We choose \(w=v(t)\) in (4.1) and then it follows from (H3), (H5), (H6) and the Cauchy inequality with \(\varepsilon >0\) that for \(t\in (0,T)\),

$$\begin{aligned}&\frac{1}{2}\frac{\mathrm{d}}{\mathrm{d}t} \Vert v(t)\Vert _H^2 +\alpha \Vert v(t)\Vert _V^2 +\frac{1}{2}\frac{\mathrm{d}}{\mathrm{d}t} \langle Gu(t),u(t)\rangle _{V^*\times V} \\&\quad \leqslant C\left( 1+{\varepsilon }\Vert v(t)\Vert _V^2 + C(\varepsilon )\Vert v(t)\Vert _{V^*}^2 + C(\varepsilon )\Vert \overline{\xi }(t)\Vert _{L^2(\Gamma _C)^d}^2\right) . \end{aligned}$$

Integrating (4.10) over (0, t) for \(t\in (0,T)\) and choosing appropriate value of \(\varepsilon \) yields

$$\begin{aligned}&\Vert v\Vert _{L^\infty (0,T;H)}^2 + \alpha \Vert v(t)\Vert _{L^2(0,T;V)}^2 \nonumber \\&\quad \leqslant C\left( 1+\Vert u_0\Vert _V^2 + \Vert v_0\Vert _H^2 + \Vert \overline{\xi }\Vert _{L^2(0,T;L^2(\Gamma _C)^d)}^2\right) . \end{aligned}$$
(4.10)

Next, we choose \(\eta =\theta (t)\) in (4.2), and then it follows from (H4) that

$$\begin{aligned} \frac{1}{2}\frac{\mathrm{d}}{\mathrm{d}t} \Vert \theta (t)\Vert _{L^2(\Gamma )}^2 + \kappa \Vert \nabla _\Gamma \theta (t)\Vert _{L^2(\Gamma _C)^d}^2 \leqslant C\left( 1+\Vert \theta (t)\Vert _{L^2(\Gamma _C)^2}^2\right) . \end{aligned}$$
(4.11)

Again, integrating (4.11) over (0, t) for \(t\in (0,T)\) we obtain

$$\begin{aligned} \Vert \theta (t)\Vert _{L^2(\Gamma _C)}^2 + \kappa \Vert \nabla _\Gamma \theta \Vert _{L^2(0,t;L^2(\Gamma _C)^d)}^2 \leqslant C\left( 1 + \Vert \theta _0\Vert _{L^2(\Gamma _C)}^2 + \Vert \theta \Vert _{L^2(0,t;L^2(\Gamma _C))}^2\right) . \end{aligned}$$
(4.12)

Using the Gronwall inequality we get for \(t\in (0,T)\)

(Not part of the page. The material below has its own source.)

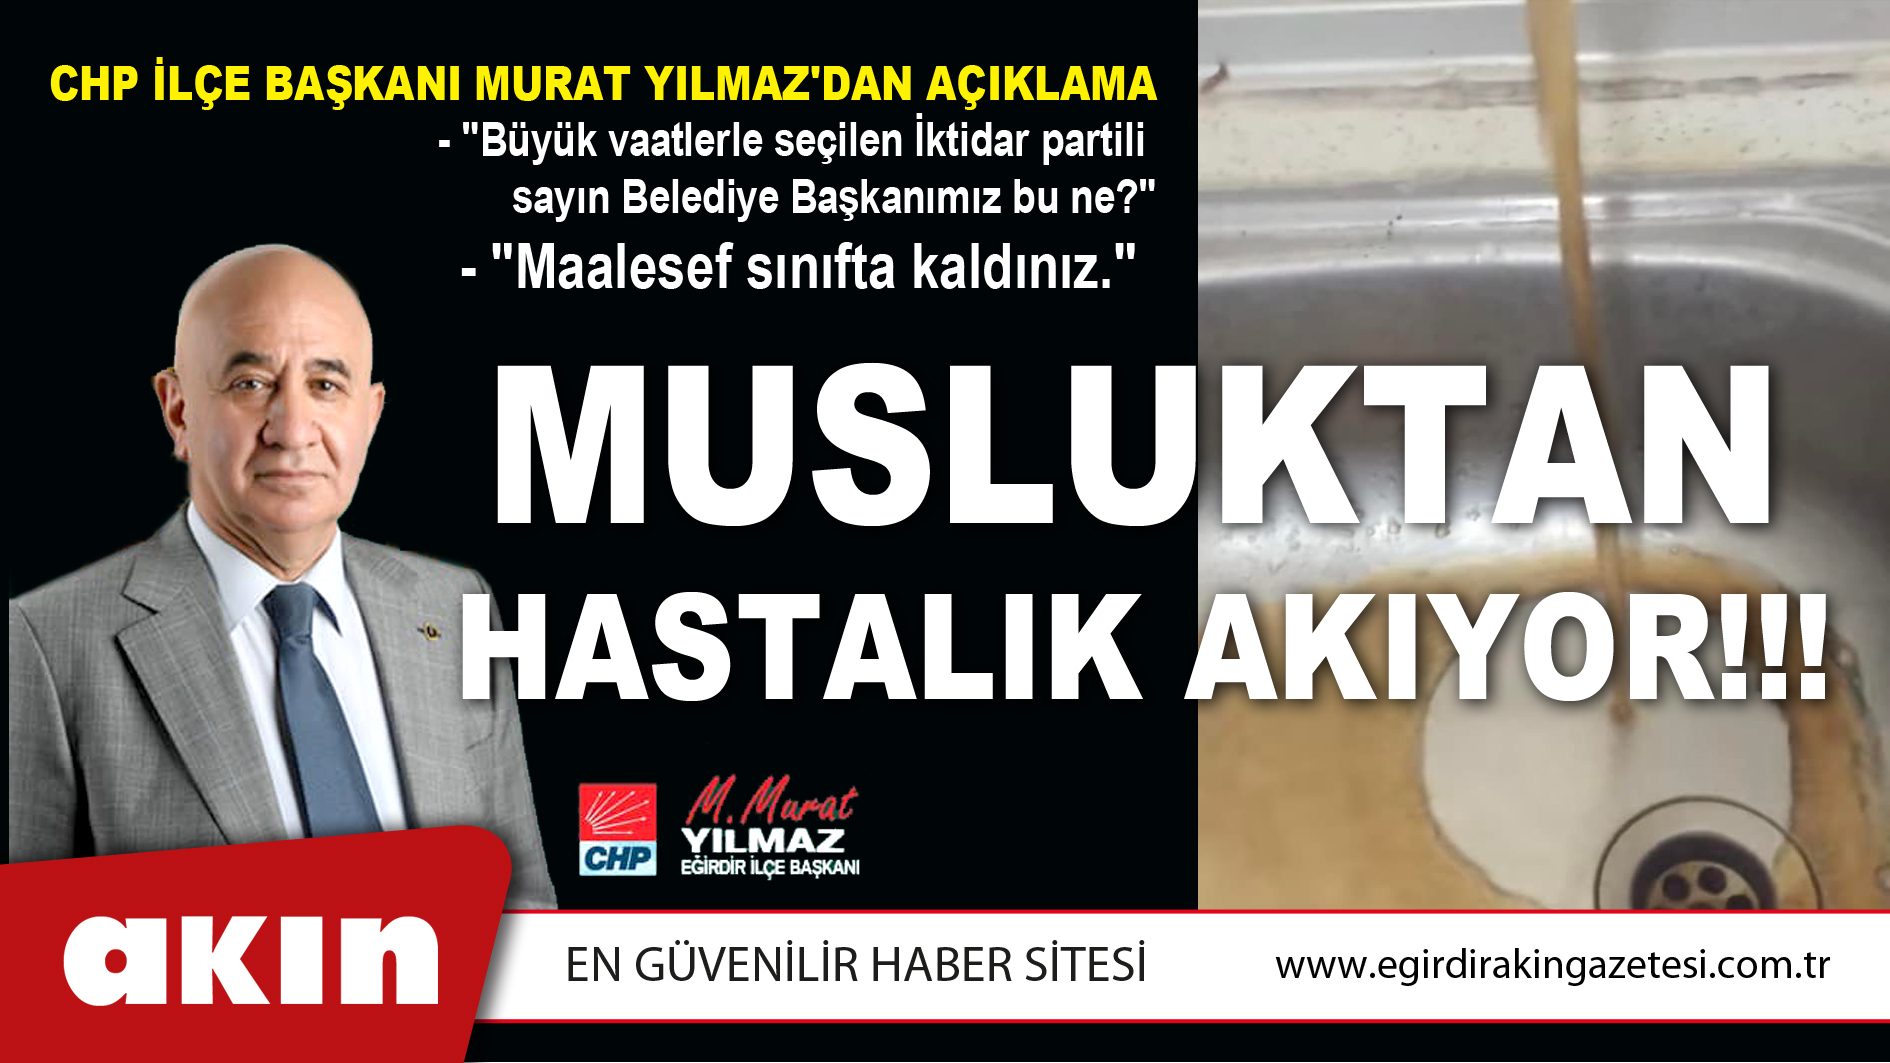 eğirdir haber,akın gazetesi,egirdir haberler,son dakika,CHP İlçe Başkanı Murat Yılmaz'dan Açıklama

$$\begin{aligned} \Vert \theta (t)\Vert _{L^2(\Gamma _C)}^2 \leqslant C\left( 1+\Vert \theta _0\Vert _{L^2(\Gamma _C)}^2\right) . \end{aligned}$$
(4.13)

Combining (4.12) and (4.13) it follows that

$$\begin{aligned} \Vert \nabla _\Gamma \theta \Vert _{L^2(0,T;L^2(\Gamma _C)^d)}\leqslant C\left( 1+\Vert \theta _0\Vert _{L^2(\Gamma _C)}^2\right) , \end{aligned}$$
(4.14)

hence from (4.13) and (4.14) we conclude that

$$\begin{aligned} \Vert \theta \Vert _{L^2(0,T;H^1(\Gamma _C))}^2\leqslant C\left( 1+\Vert \theta _0\Vert _{L^2(\Gamma _C)}^2\right) . \end{aligned}$$
(4.15)

Straightforward manipulations using the estimates (4.10) and (4.15) and (4.1) and (4.2) lead to the following bounds on \(v'\) and \(\theta '\),

$$\begin{aligned}&\Vert v'\Vert _{L^2(0,T;V^*)}^2 \leqslant C\left( 1+\Vert u_0\Vert _V^2 + \Vert v_0\Vert _H^2 + \Vert \overline{\xi }\Vert _{L^2(0,T;L^2(\Gamma _C)^d)}^2\right) , \end{aligned}$$
(4.16)
$$\begin{aligned}&\Vert \theta '\Vert _{L^2(0,T;H^1(\Omega )^*)}^2 \leqslant C\left( 1+\Vert \theta _0\Vert _{L^2(\Gamma _C)}^2\right) . \end{aligned}$$
(4.17)

Now, we need to show the existence of \(\xi \in L^2((0,T)\times \Gamma _C)^d\) such that \(\xi (t) \in S^2_{\partial j_\tau } (v_\tau (t))\) for a.e. \(t\in (0,T)\). To show this it is sufficient to prove the existence of a measurable selection, since the integrability, as well as the bound (4.9) follow from (H8). However, the existence of a measurable selection of the subdifferential follows from [5, Theorem 5.6.39], as the Clarke subdifferential of the locally Lipschitz integral functional

$$\begin{aligned} J: L^2(0,T;L^2(\Gamma _C)^d)\rightarrow {\mathbb {R}}, \end{aligned}$$

defined by

$$\begin{aligned} J(v) = \mathop \int \limits _0^T \mathop \int \limits _{\Gamma _C} j_\tau (v(x,t))\, \mathrm{d}\Gamma \mathrm{d}t, \end{aligned}$$

is nonempty and its elements are measurable on the one-hand, and on the other-hand they are selections of the multifunction \(\partial j(v(x,t))\), see also [11].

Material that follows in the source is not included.